▸ TASK GOAL: Transcribe the listing that follows in full, omitting pictures.

▸ INFORMATION SUPPLIED:
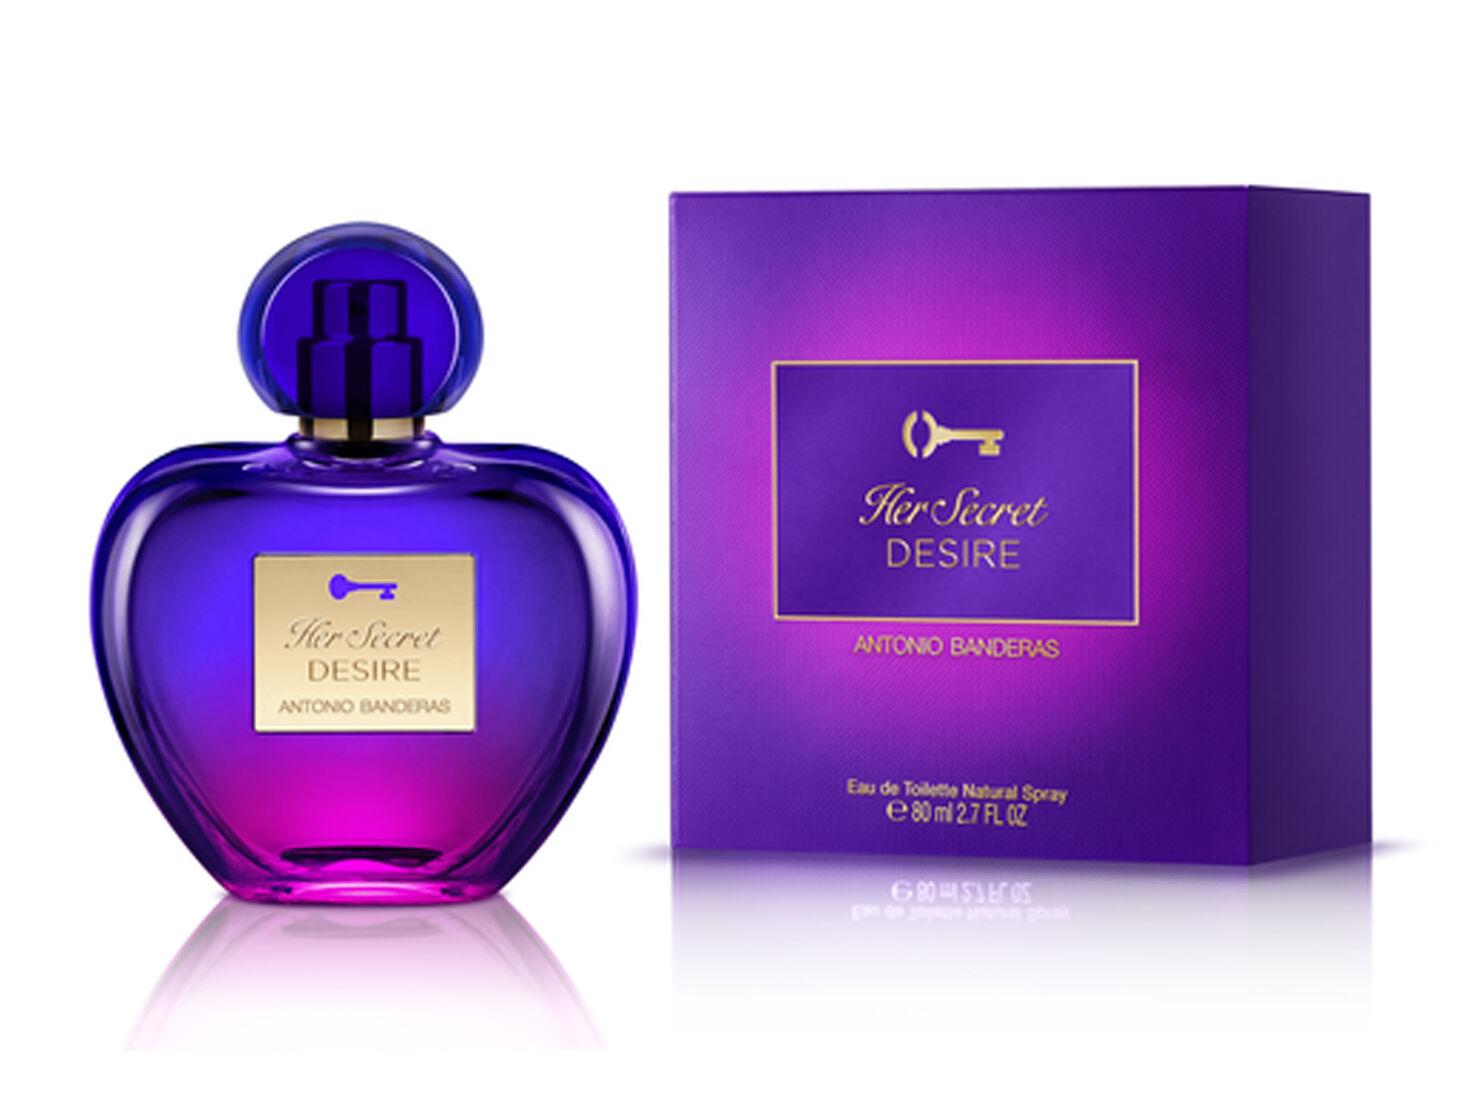 c88a053d0 ... Perfume%20Antonio%20Banderas%20Her%20Secret%20Desire%20EDT%2080% ...
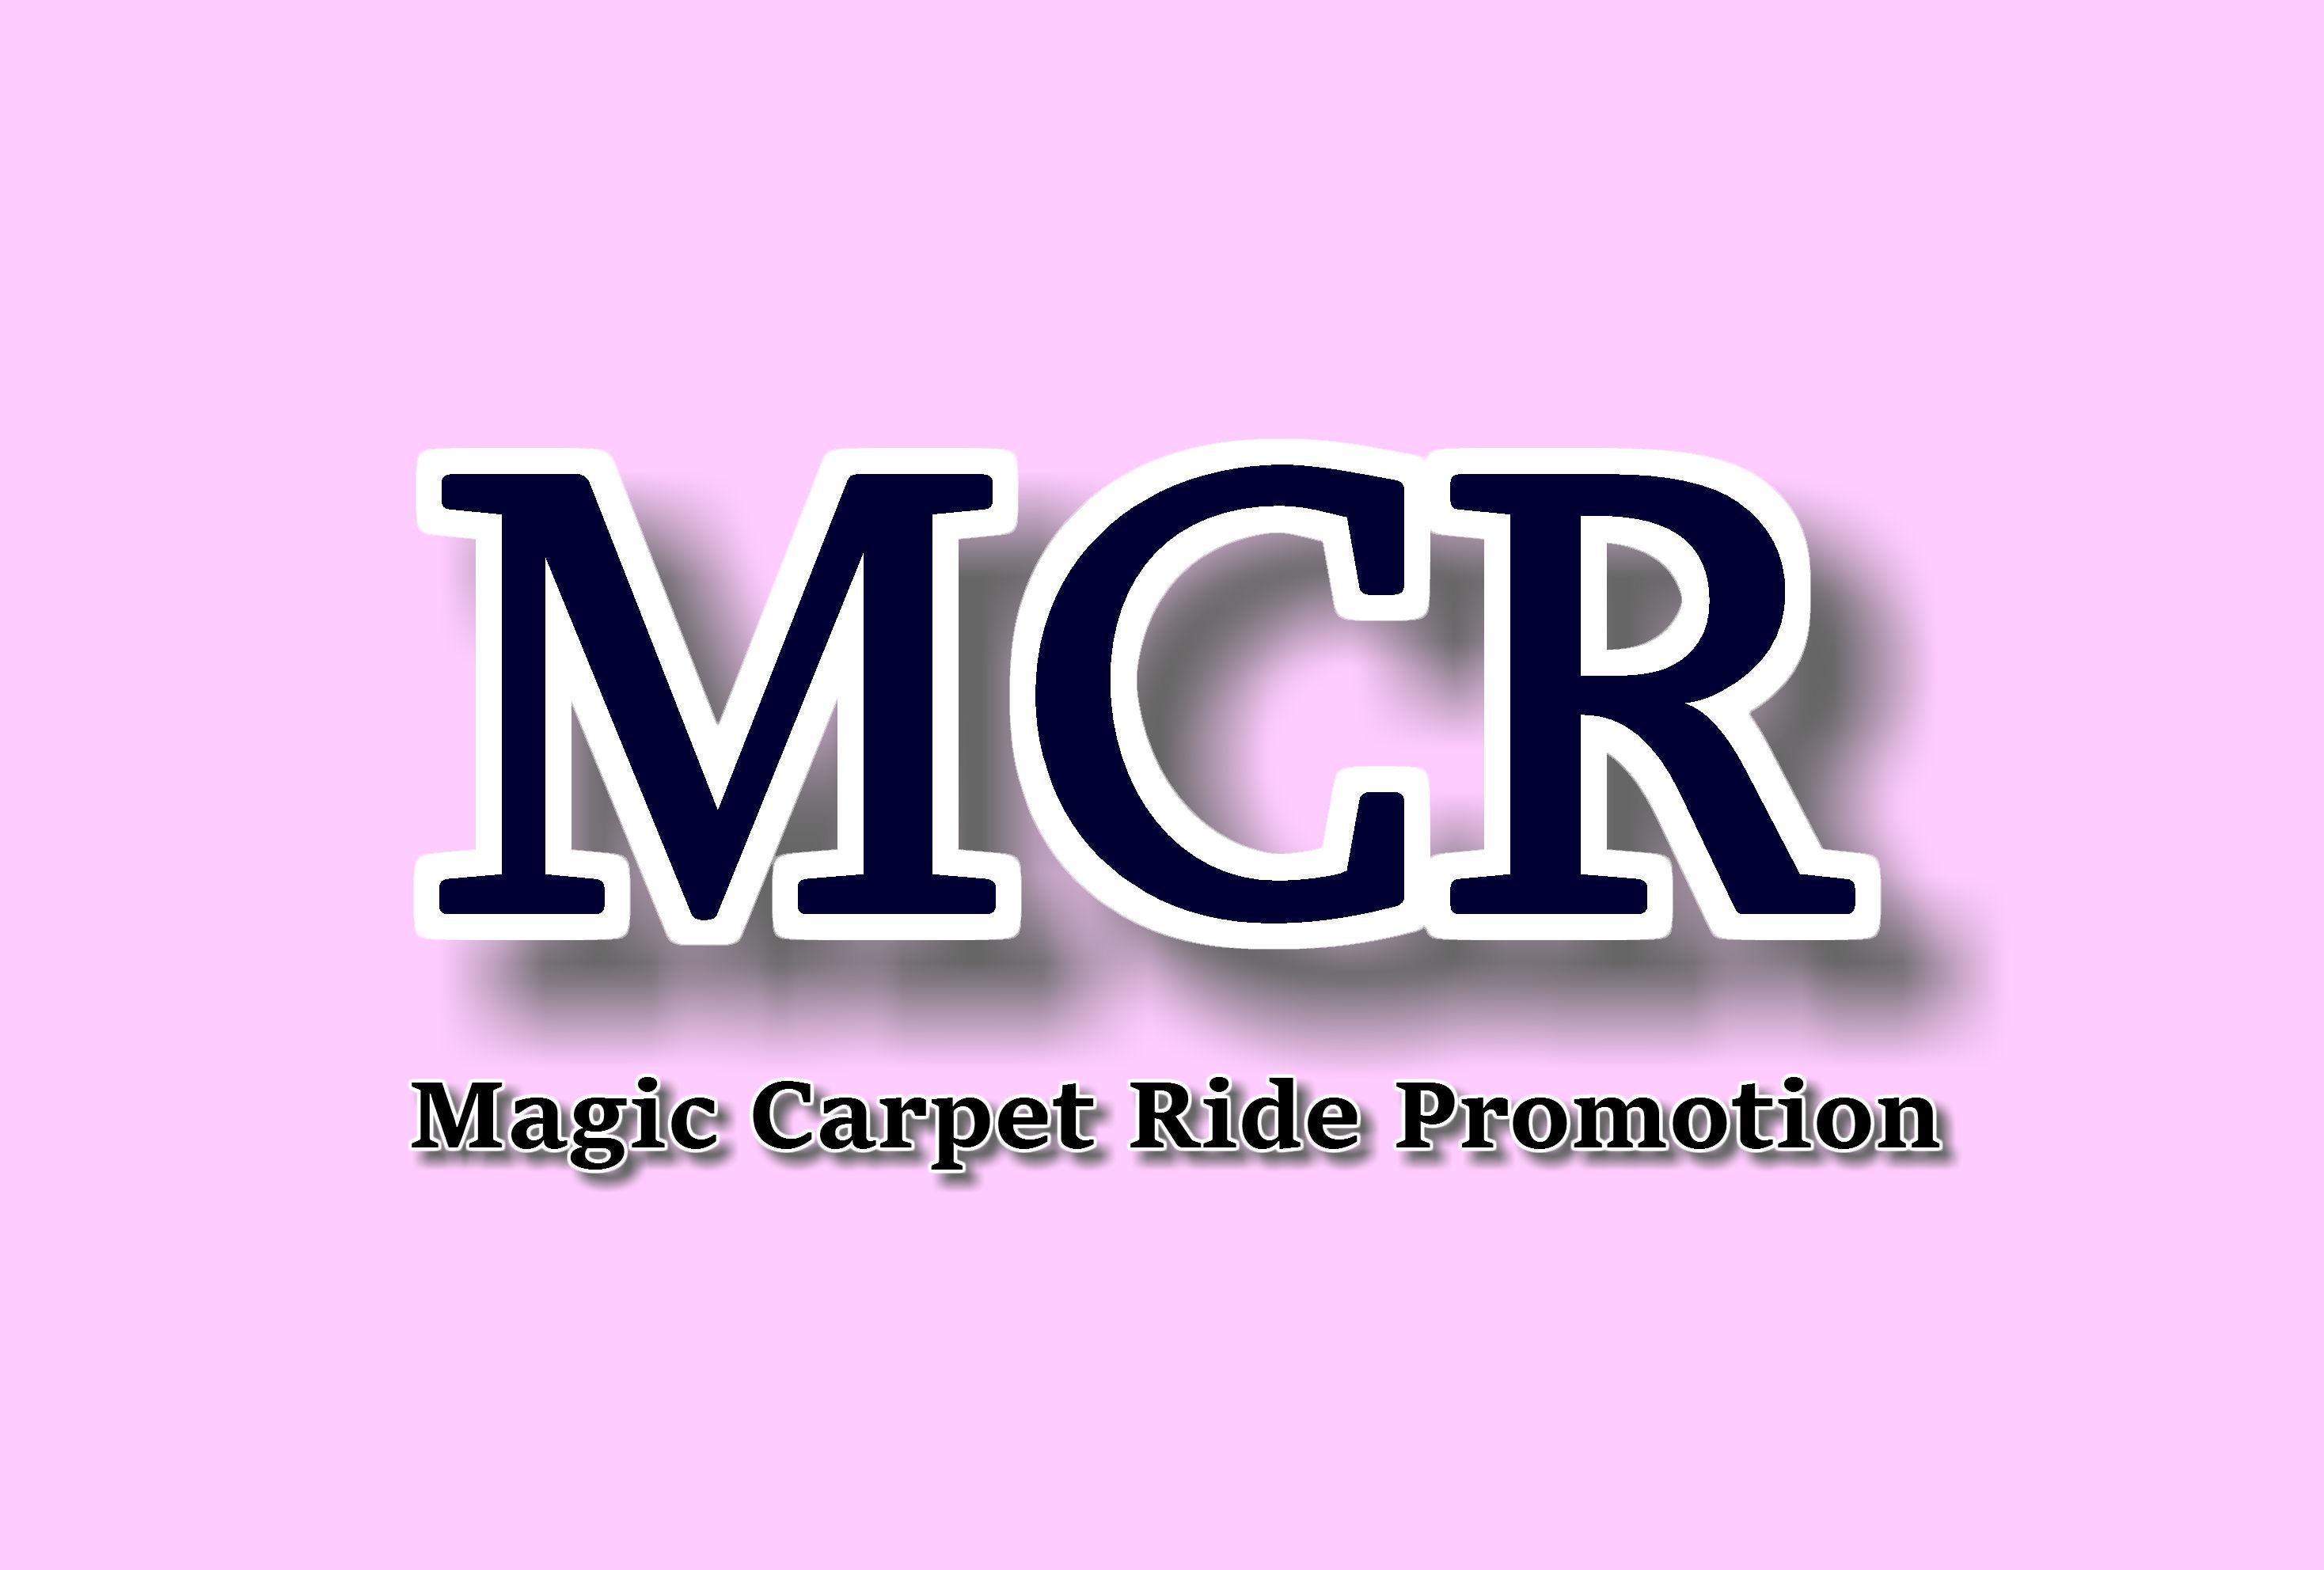 Magic Carpet Ride Promotion
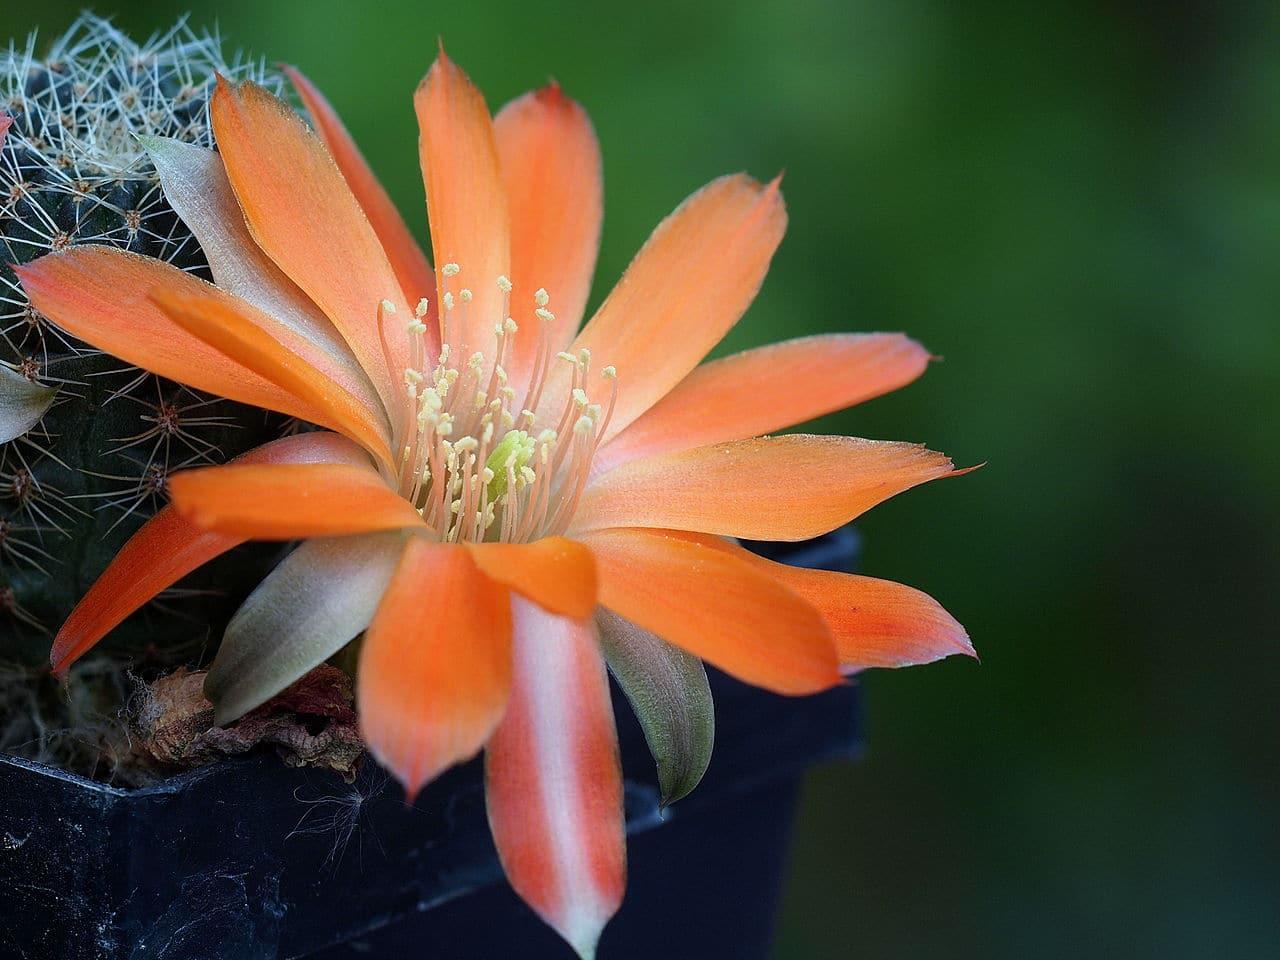 La Rebutia es un tipo de cactus que produce flores preciosas

▸ ANSWER:
 c88a053d0 ... Perfume%20Antonio%20Banderas%20Her%20Secret%20Desire%20EDT%2080% ...
 Magic Carpet Ride Promotion
 La Rebutia es un tipo de cactus que produce flores preciosas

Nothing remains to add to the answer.